Hydrofoil NACA Section 2212

Hi All,

I am new to CFD & simsale. In ordered to compare my Simesacle results with Manual calculation results, I decided to make a simple project for a Hydrofoil NACA section that is moving in seawater and then make Lift force calculation manually and compare results.

The mesh is generated using “Hex Dominant Automatic wind tunnel”
Material: Seawater
Boundary conditions
Inlet: Velocity Fixed Value = -4m/s
Outlet: Pressure Fixed Value
Sides /Top / Bottom : Velocity Slip
Naca Section Body: Wall no-slip

SimScale Force results (Lift Force in Z axis Direction) = 22800 N

Doing manual calculation using below values
NACA Section: 2212
(A) projected area = 5m2
Seawater Density = 1025
(V) speed 4m/s
angle of attack = 6 degree
(Cl) Lift coefficient @ 6 degree attack angle = 1 (approximately )

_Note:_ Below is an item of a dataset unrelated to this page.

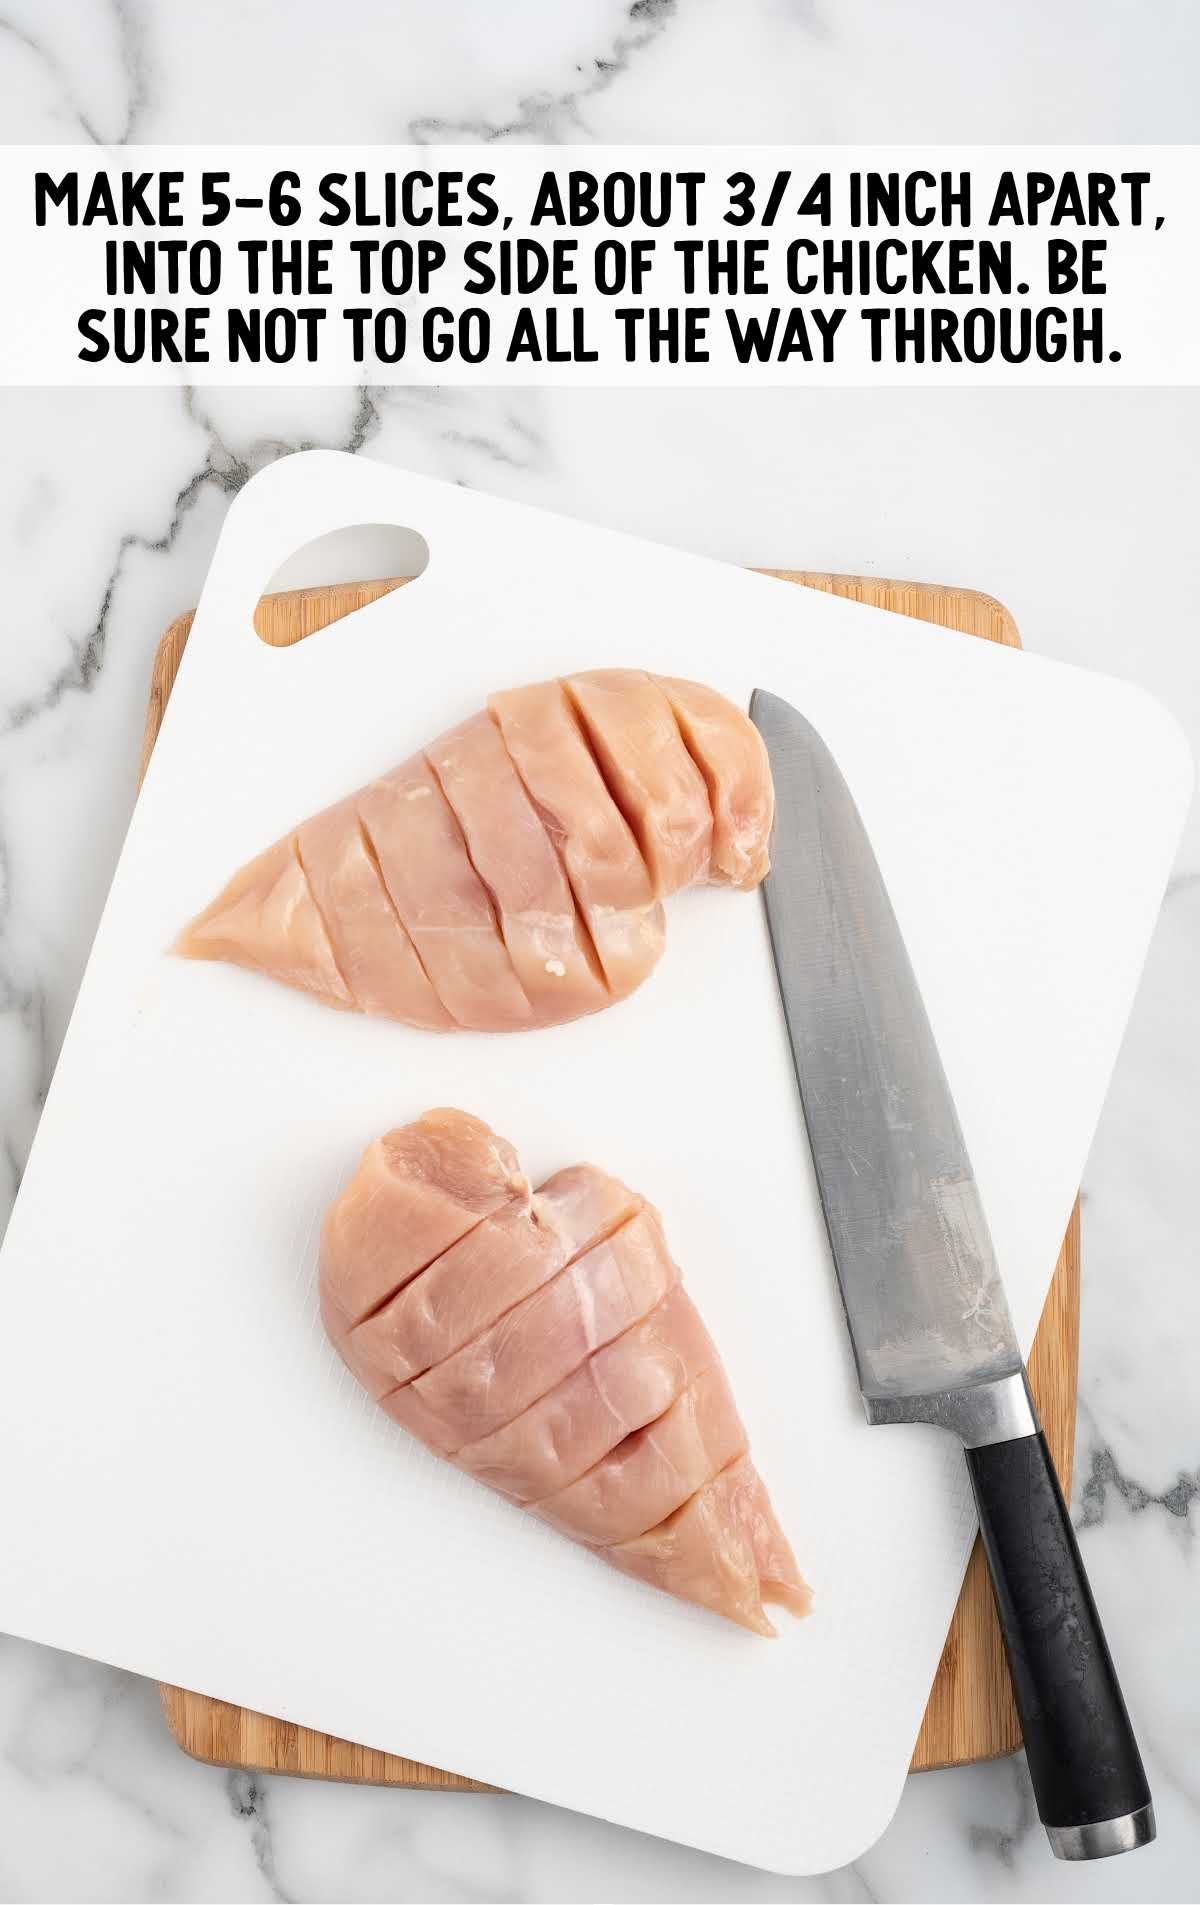 slices cut into the chicken breast on a wooden cutting board

Lift Force = 0.5 * Density * (V^2)A Cl = 41000 N

Manual calculation results are almost double sim-scale results, How that can be?

my project Link:

Hi @Hesham_Reda!

It seems that your domain (bounding box) is still too small and you did not use any inflation for your boundary layer. I would furthermore propose to use the parametric mesh option which gives you more options to adapt the mesh.

Once that is fixed try another run and let me know how the results vary.

Useful resources:


Tagging my colleagues @Get_Barried, @vgon_alves & @Anware here who might give you some additional tips.

Best,

Jousef

1 Like

Hi @Hesham_Reda,

What Jousef mentioned is correct and applying the changes he specified will improve your results.

Also is there a need to perform a transient simulation? I don’t see the need to perform one and a steady-state simulation will allow you to generate results more quickly and for a lower computational cost.

Cheers.

Regards,
Barry

2 Likes

Thank You Gents,

it looks like may manual calculation was wrong. according to below experiment investigation the Lift Cof. = 0.6. @ 6 degree angle of attack .

please check below link and confirm ( Page 23)

Hi @Hesham_Reda!

Assuming the document is right (which is very much the case I guess) - do you obtain the same results?